• _Task instructions_
Return the data below exactly, please, but drop the pictures.

• _Collected data_
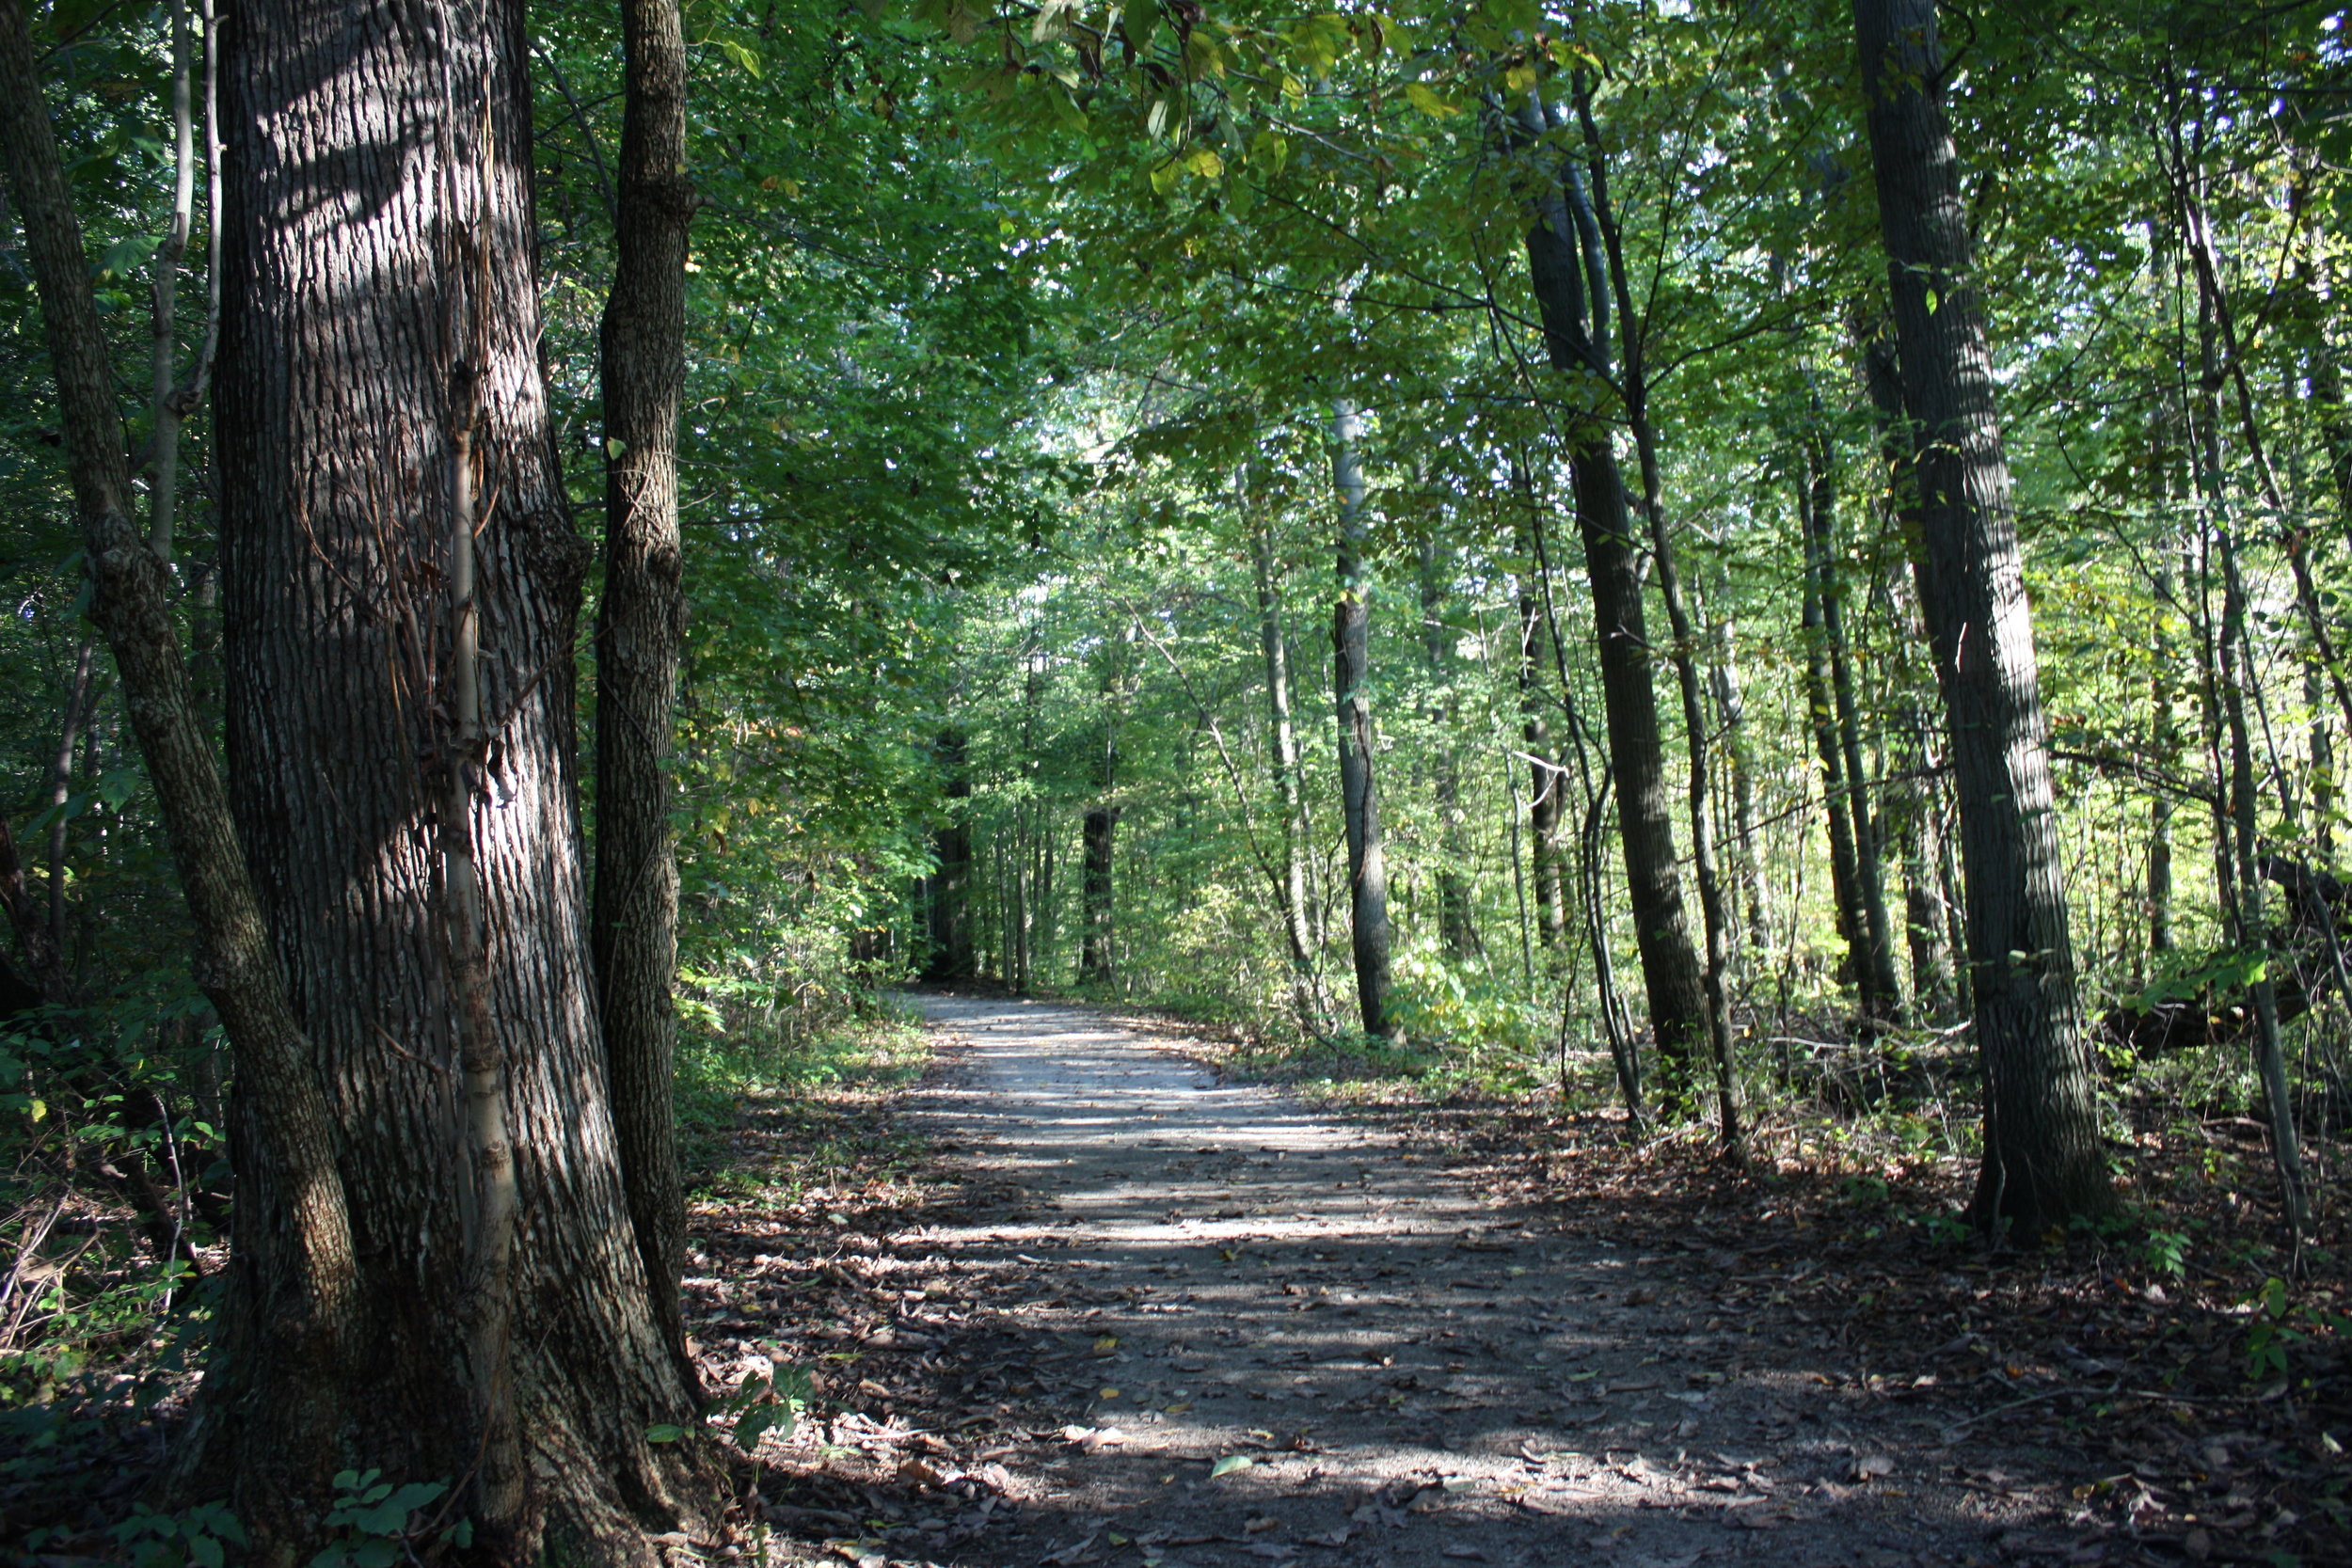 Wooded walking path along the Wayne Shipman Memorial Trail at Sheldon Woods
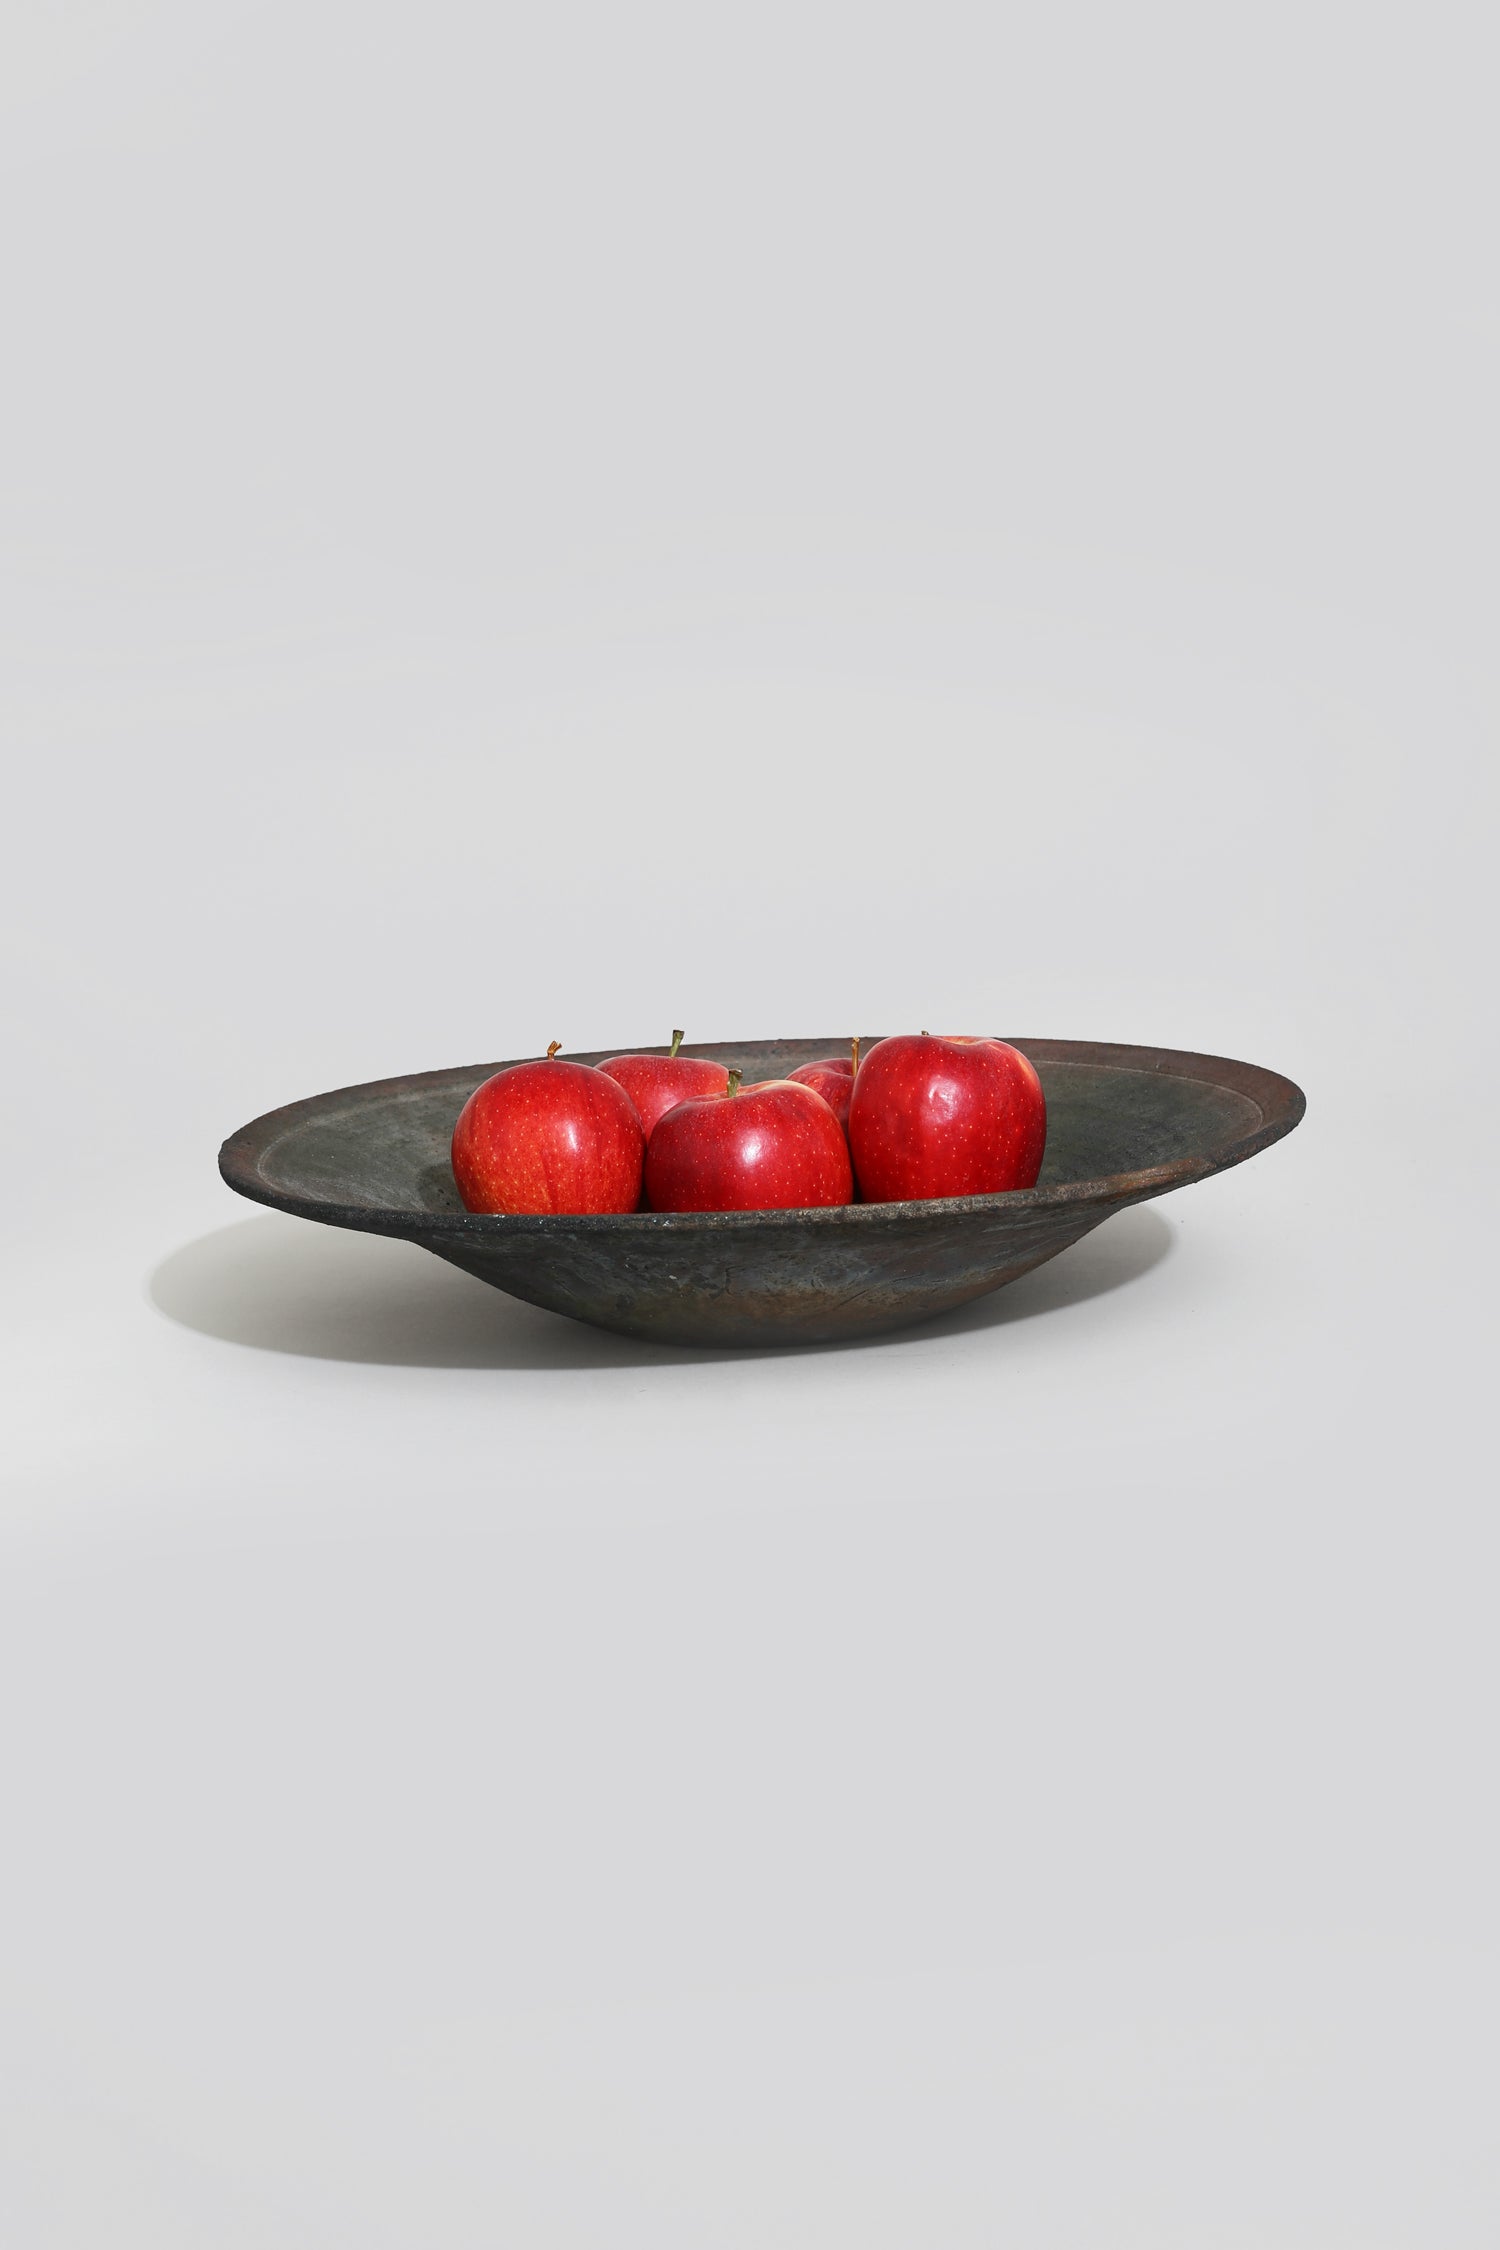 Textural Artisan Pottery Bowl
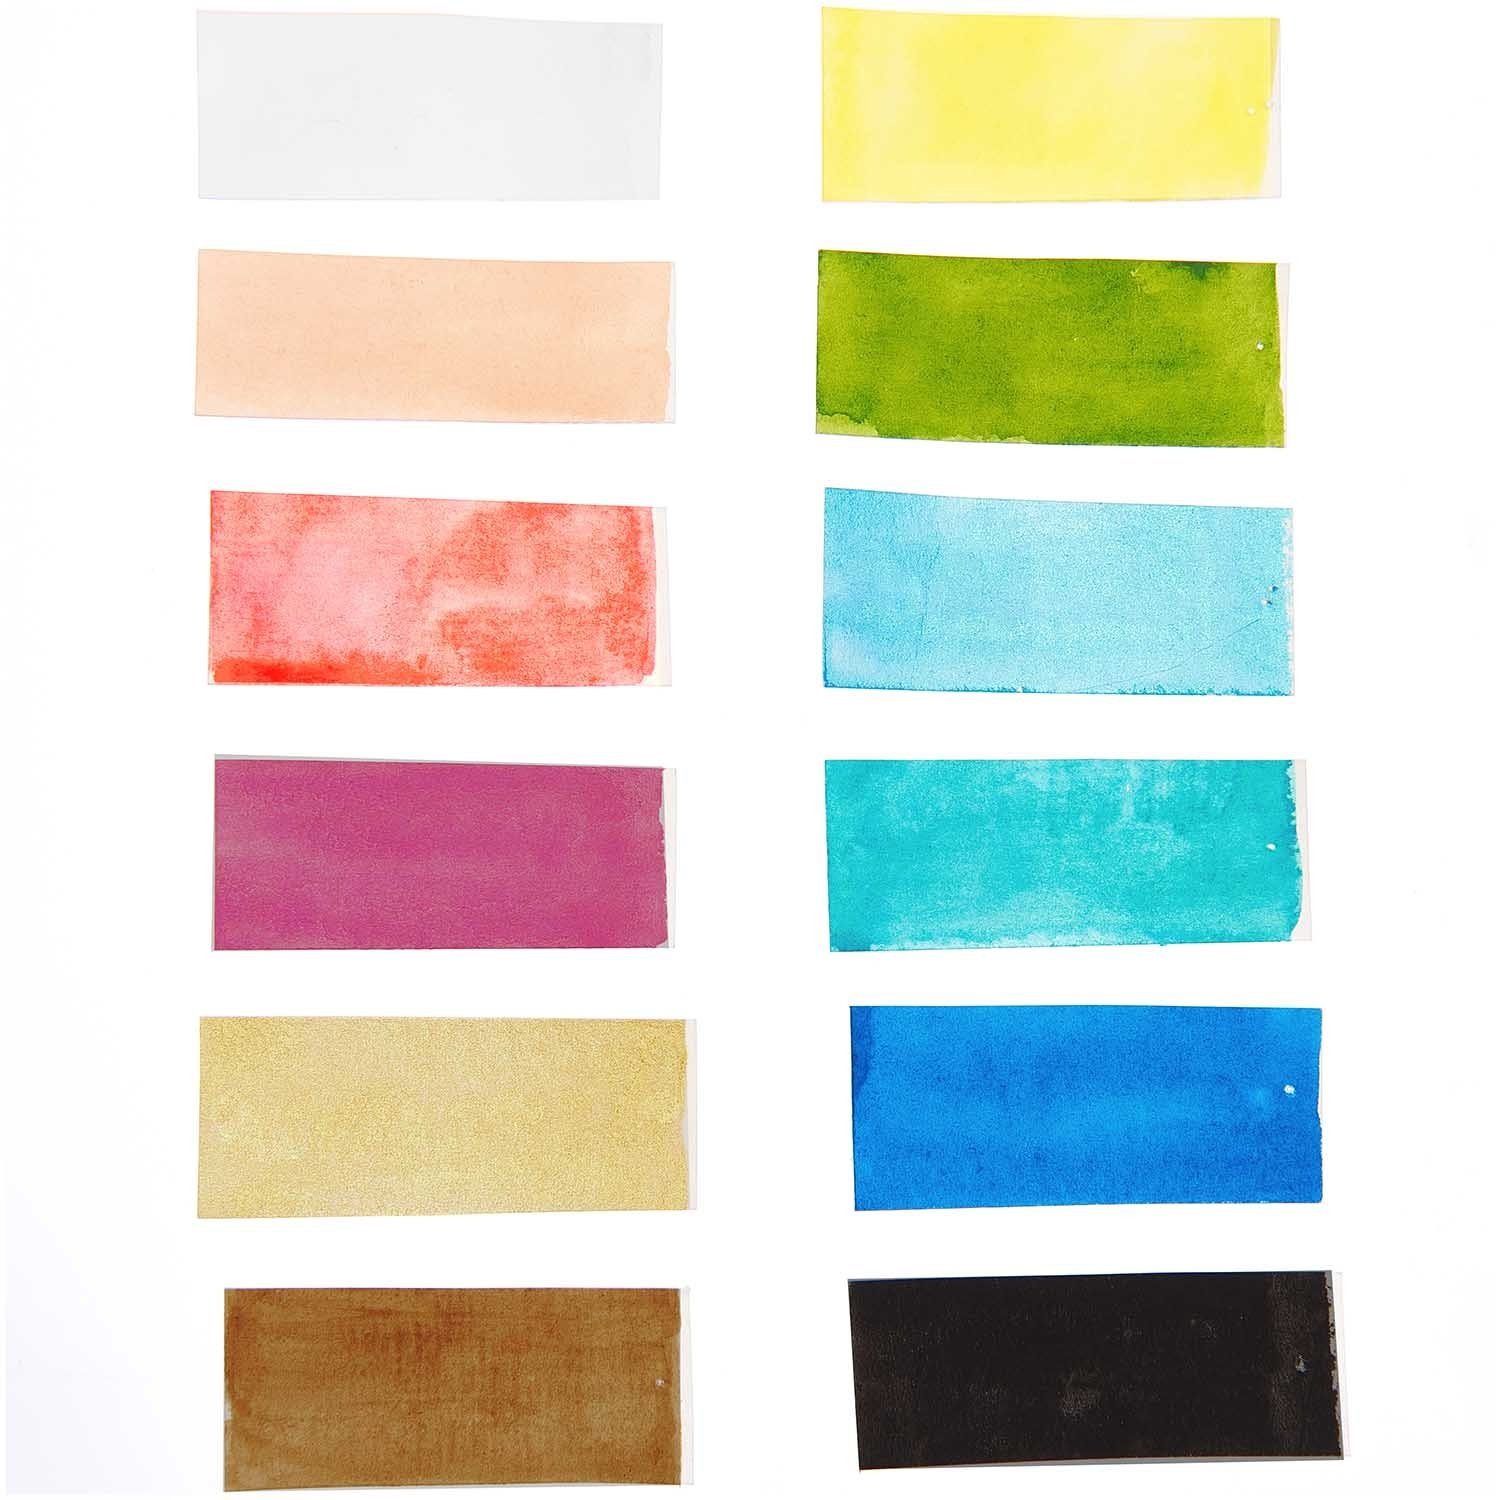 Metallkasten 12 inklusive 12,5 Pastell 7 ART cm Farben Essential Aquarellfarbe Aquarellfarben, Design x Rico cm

• _Answer to this task_
 Wooded walking path along the Wayne Shipman Memorial Trail at Sheldon Woods
 Textural Artisan Pottery Bowl
 Metallkasten 12 inklusive 12,5 Pastell 7 ART cm Farben Essential Aquarellfarbe Aquarellfarben, Design x Rico cm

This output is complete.